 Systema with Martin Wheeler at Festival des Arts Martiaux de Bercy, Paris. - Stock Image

--

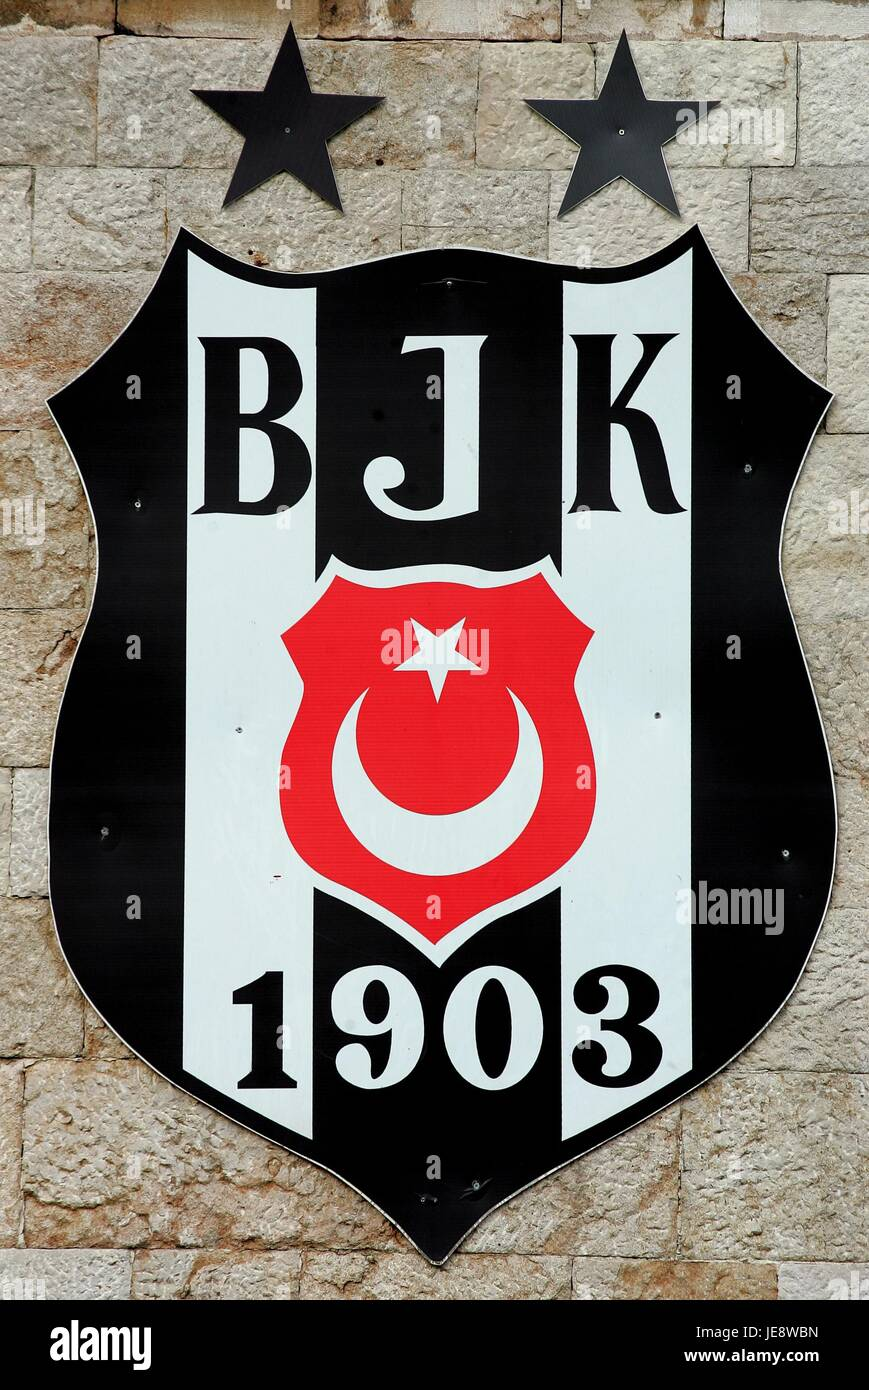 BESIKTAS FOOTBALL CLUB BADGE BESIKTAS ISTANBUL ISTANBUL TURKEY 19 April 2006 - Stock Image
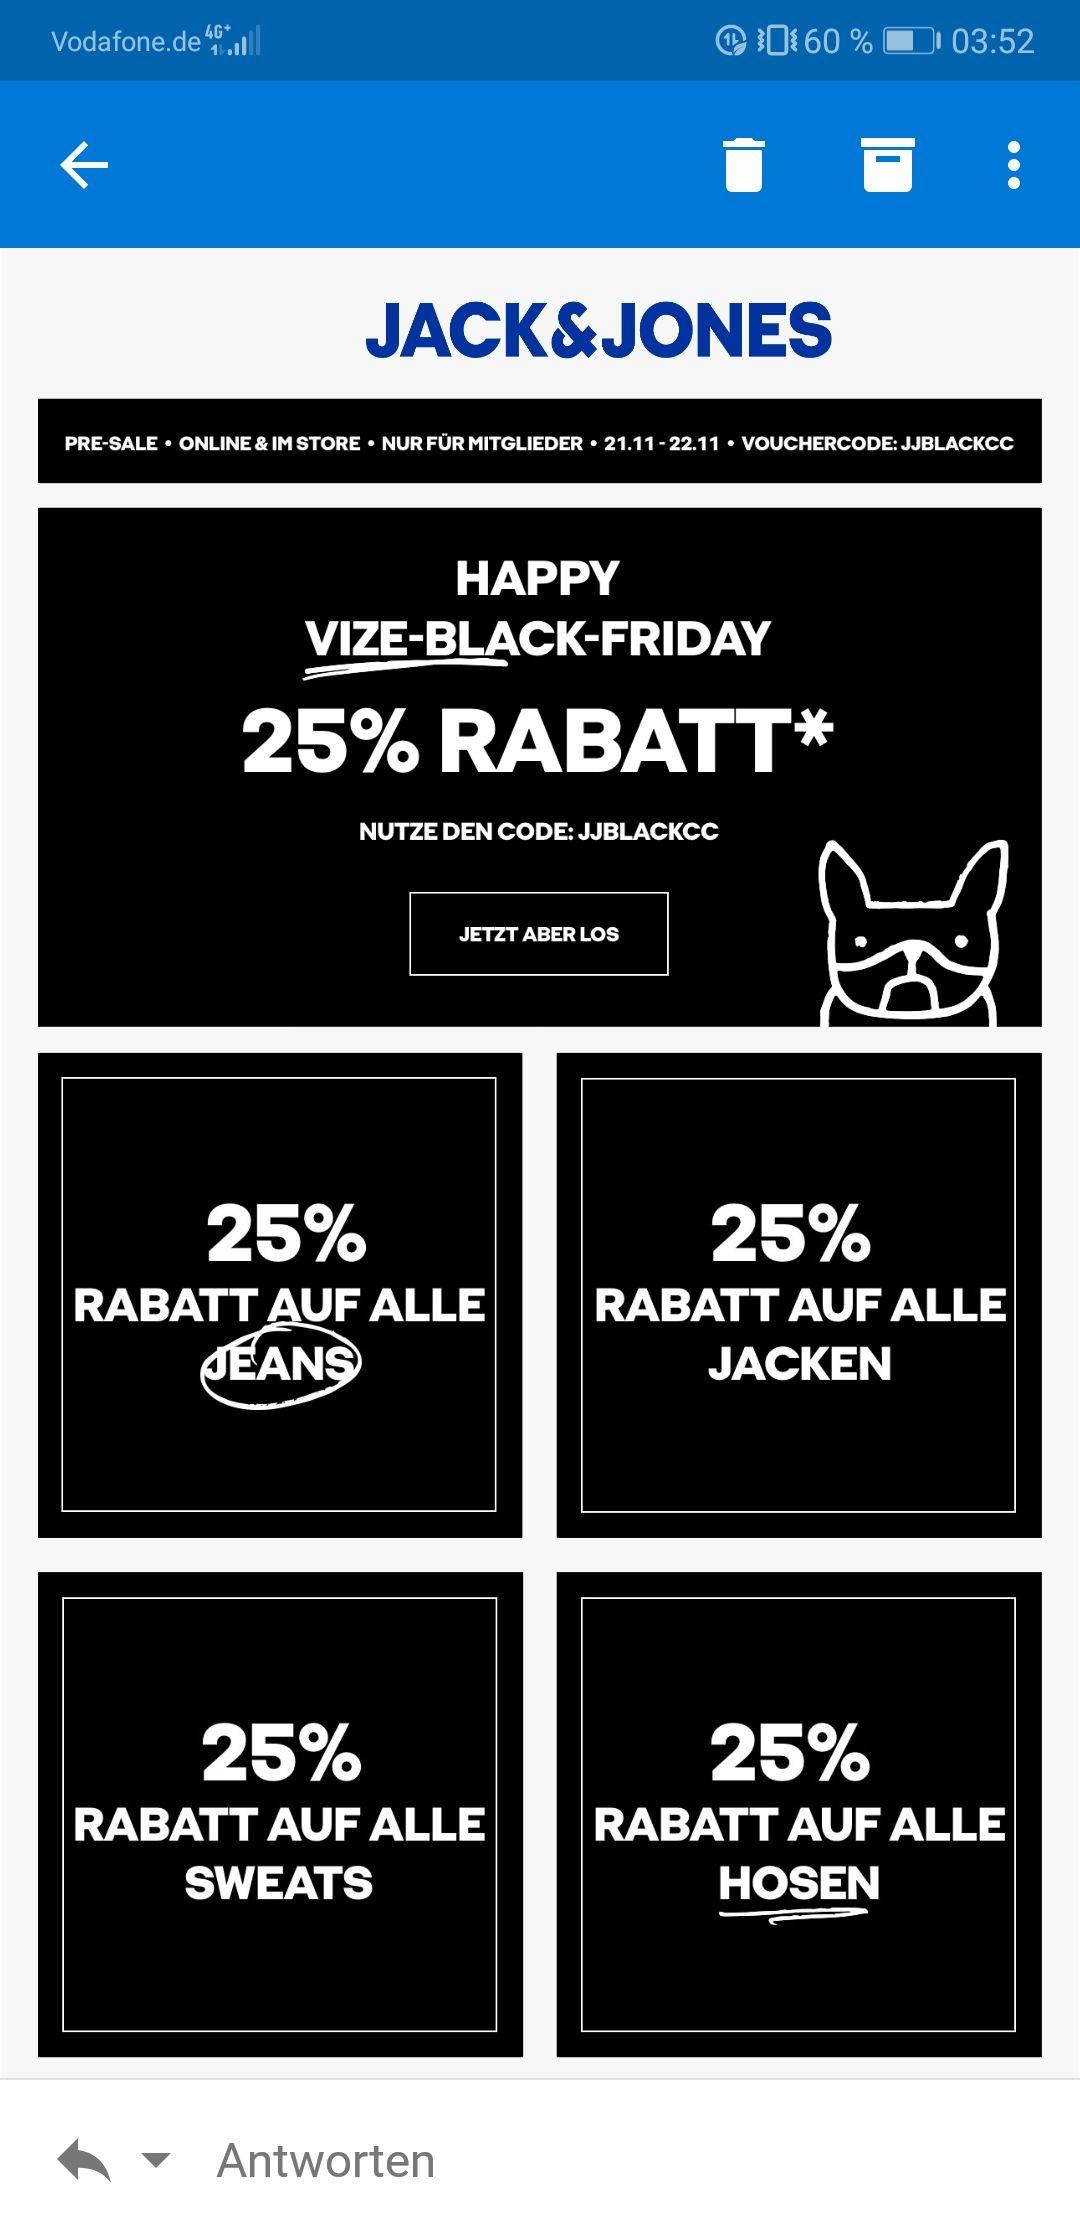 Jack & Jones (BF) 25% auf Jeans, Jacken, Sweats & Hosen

**WORK ORDER**
Your answer should be the exact lines above from the one containing "BESIKTAS FOOTBALL CLUB" through the one containing "Jack & Jones", with both end lines kept and the pictures removed, please.

**RESPONSE AREA**
 BESIKTAS FOOTBALL CLUB BADGE BESIKTAS ISTANBUL ISTANBUL TURKEY 19 April 2006 - Stock Image
 Jack & Jones (BF) 25% auf Jeans, Jacken, Sweats & Hosen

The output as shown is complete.